Before enactment of the Fair Share Health Care Fund Act (“Fair Share Act”), 2006 Md. Laws 1, Md.Code Ann., Lab. & Empl. §§ 8.5-101 to -107, the Maryland General Assembly heard extensive testimony about the rising costs of the Maryland Medical Assistance Program (Medicaid and children’s health programs). ' It learned that between fiscal years 2003 and 2006, annual expenditures on the Program increased from $3.46 billion to $4.7 billion. The General Assembly also perceived that Wal-Mart Stores, Inc., a particularly large employer, provided its employees with a substandard level of healthcare benefits, forcing many Wal-Mart employees to depend on state-subsidized healthcare programs. Indeed, the Maryland Department of Legislative Services (which has the duties of providing the Maryland General Assembly with research, analysis, assessments, and evaluations of legislative issues) prepared an analytical report of the [184]*184proposed Fair Share Act for the General Assembly, that discussed only Wal-Mart’s employee benefits practices. In the background portion of the report, the Department of Legislative Services wrote:

Several States, facing rapidly-increasing Medicaid costs, are turning to the private sector to bear more of the costs. Wal-Mart, in particular, has been the focus of several states, who are accusing the company of providing substandard health benefits to its employees. According to the New York Times, Wal-Mart full-time employees earn an average $1,200 a month, or about $8 an hour. Some states claim many Wal-Mart employees end up on public health programs such as Medicaid. A survey by Georgia officials found that more than 10,000 children of Wal-Mart employees were enrolled in the state’s children’s health insurance program (CHIP) at a cost of nearly $10 million annually. Similarly, a North Carolina hospital found that 31% of 1,900 patients who said they were Wal-Mart employees were enrolled in Medicaid, and an additional 16% were uninsured.
As a result, some States have turned to Wal-Mart to assume more of the financial burden of its workers’ health care costs. California passed a law in 2003 that will require most employers to either provide health coverage to employees or pay into a state insurance pool that would do so. Advocates of the law say Wal-Mart employees cost California health insurance programs about $32 million annually. Washington state is exploring implementing a similar state law.
According to the [New York] Times, Wal-Mart said that its employees are mostly insured, citing internal surveys showing that 90% of workers have health coverage, often through Medicare or family members’ policies. Wal-Mart officials say the company provides health coverage to about 537,000, or 45% of its total workforce. As a matter of comparison, Costco Wholesale provides health insurance to 96% of eligible employees.

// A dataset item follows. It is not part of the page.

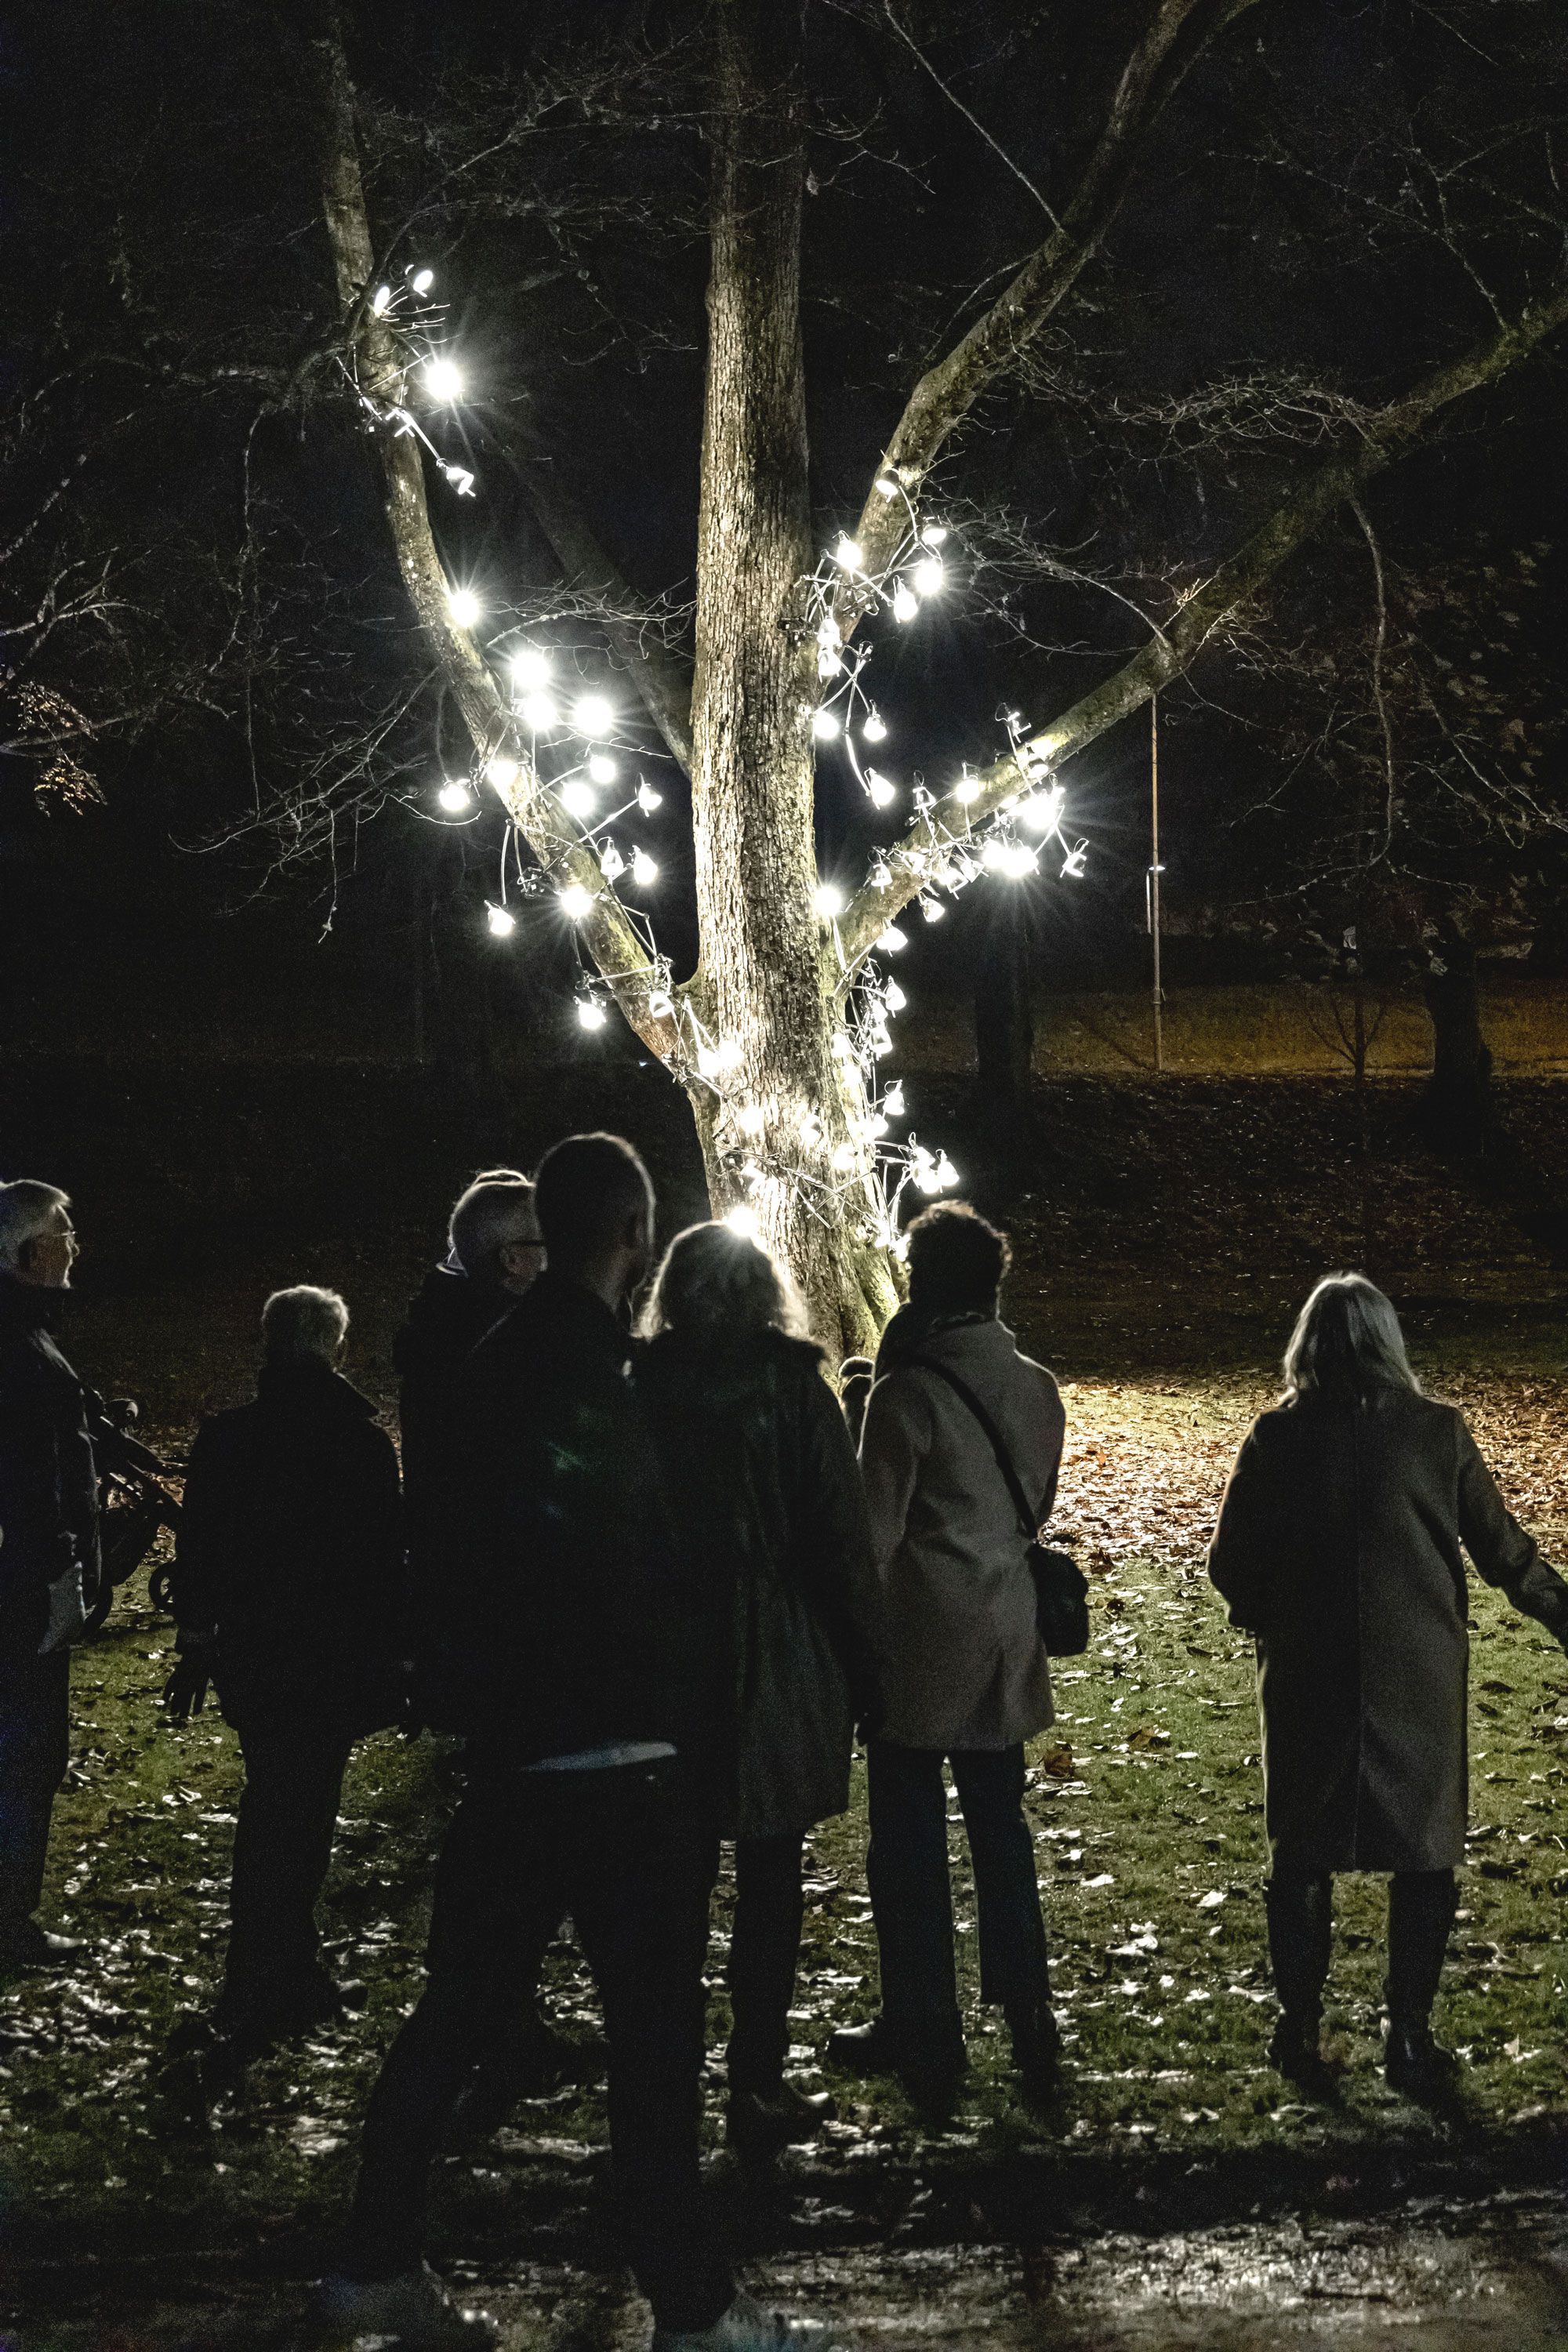 Ett tiotal personer som i kvällsmörker betraktar ett träd med ett hundratal lampor i.

In response, the General Assembly enacted the Fair Share Act in January 2006, to become effective January 1, 2007. The Act applies to employers that have at least 10,000 employees in Maryland, Md.Code Ann., Lab. & Empl. § 8.5-102, and imposes spending and reporting requirements on such employers. The core provision provides:

An employer that is not organized as a nonprofit organization and does not spend up to 8% of the total wages paid to employees in the State on health insurance costs shall pay to the Secretary an amount equal to the difference between what the employer spends for health insurance costs and an amount equal to 8% of the total wages paid to employees in the State.

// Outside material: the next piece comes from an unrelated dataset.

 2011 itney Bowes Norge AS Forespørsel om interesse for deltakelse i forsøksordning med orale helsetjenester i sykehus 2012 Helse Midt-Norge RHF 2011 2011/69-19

Id. § 8.5-104(b). An employer that fails to make the required payment is subject to a civil penalty of $250,000. Id. § 8.5-105(b).

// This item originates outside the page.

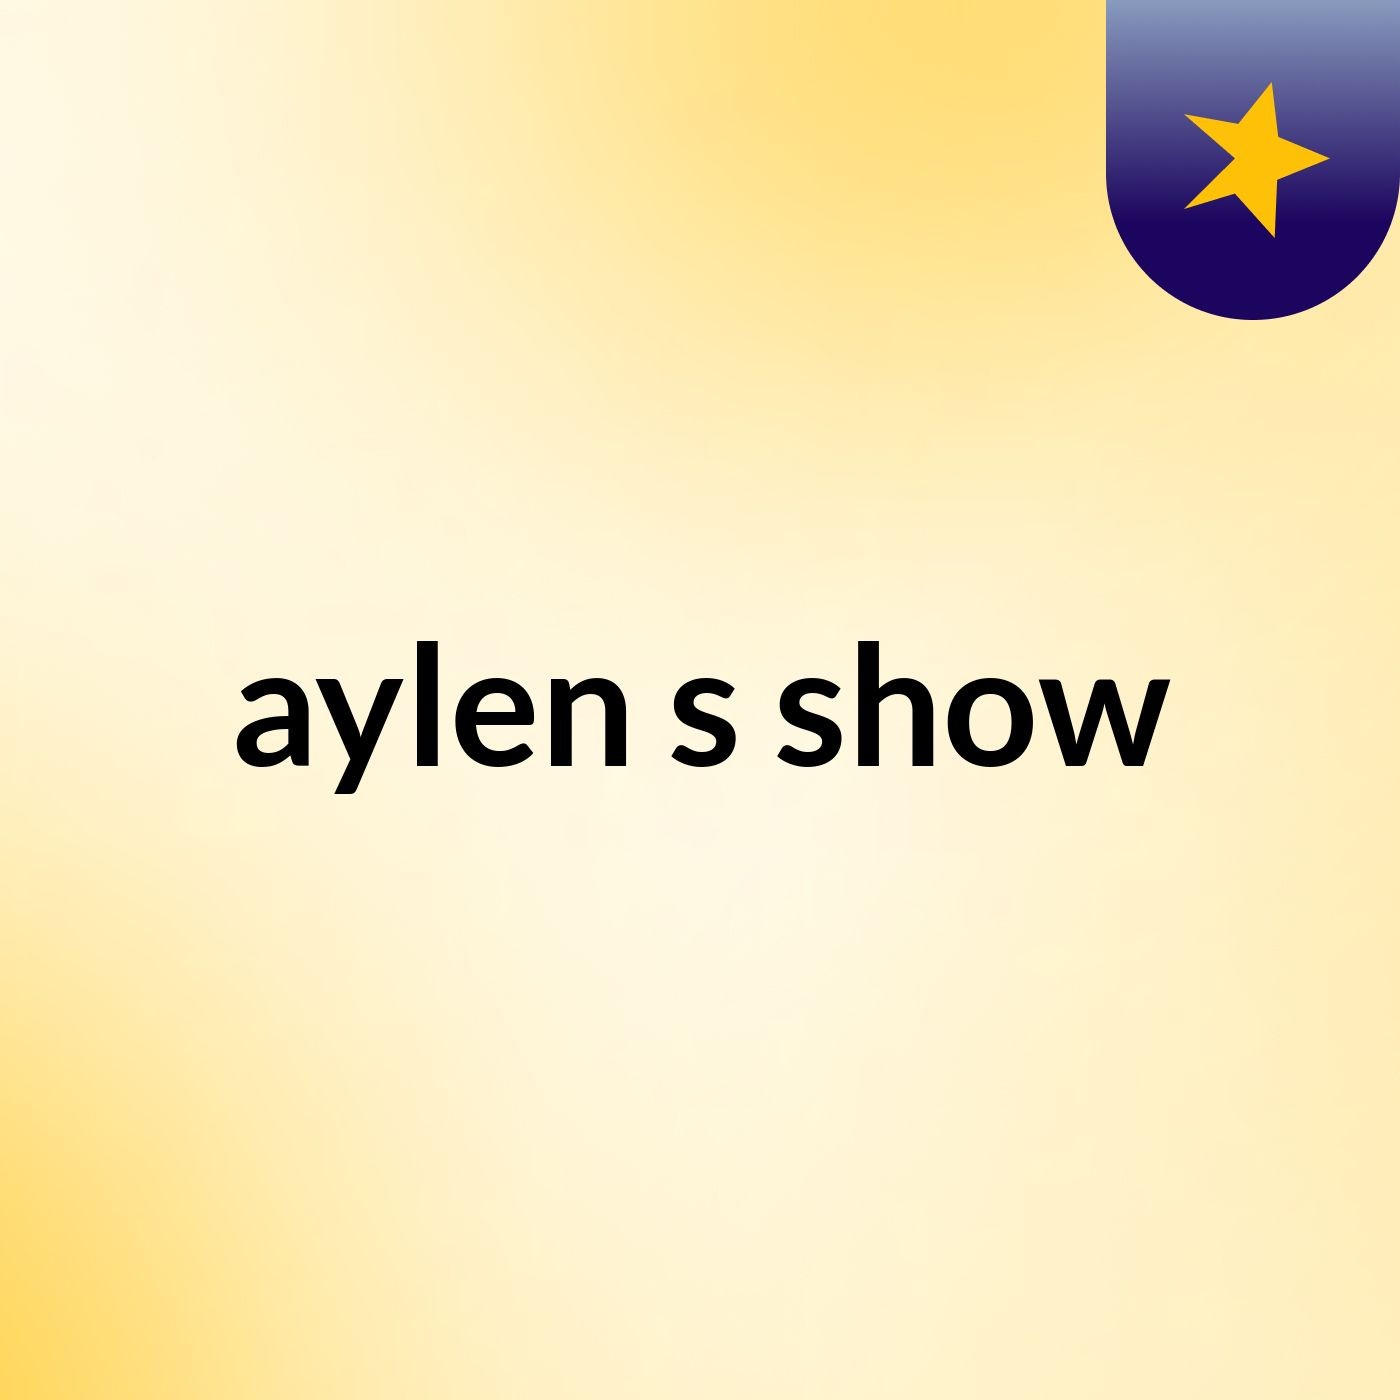 aylen's show

The Act also requires a covered employer to submit an annual report on January 1 of each year to the Secretary, in which the employer must disclose: (1) how many employees it had for the prior year, (2) its “health insurance costs,” , and (3) the percentage of compensation it spent on “health insurance costs” for the “year immediately preceding the previous calendar year.” Id. § 8.5-103(a)(l). The Act defines “health insurance costs” to include expenditures on both healthcare and health insurance to the extent that they are deductible under § 213(d) of the Internal Revenue Code. Id. § 8.5-101.

[185]*185Any payments collected by the Secretary are directed to the Fair Share Health Care Fund, which is held by the Treasurer of the State and accounted for by the State Comptroller like all other state funds. Md.Code Ann., Health-Gen. § 15-142(d), (g). The funds so collected, however, may be used only to support the Maryland Medical Assistance Program, which consists of Maryland’s Medicaid and children’s health programs. Id. § 15 — 142(f).

The record discloses that only four employers have at least 10,000 employees in Maryland: Johns Hopkins University, Giant Food, Northrop Grumman, and Wal-Mart. The Fair Share Act subjected Johns Hopkins, as a nonprofit organization, to a lower 6% spending threshold which Johns Hopkins already satisfies. Giant Food, which employs unionized workers, spends over the 8% threshold on health insurance and lobbied in support of the Fair Share Act. Northrop Grumman, a defense contractor, was subject to the minimum spending requirement in an earlier version of the Act, but the General Assembly included an amendment that effectively excluded Northrop Grumman. Because Northrop Grumman has many high-salaried employees in Maryland, the General Assembly was able to exclude it by an amendment that permits an employer, in calculating its total wages paid, to exempt compensation paid to employees in excess of the median household income in Maryland. See Md.Code Ann., Lab. & Empl. § 8.5 — 103(b)(1).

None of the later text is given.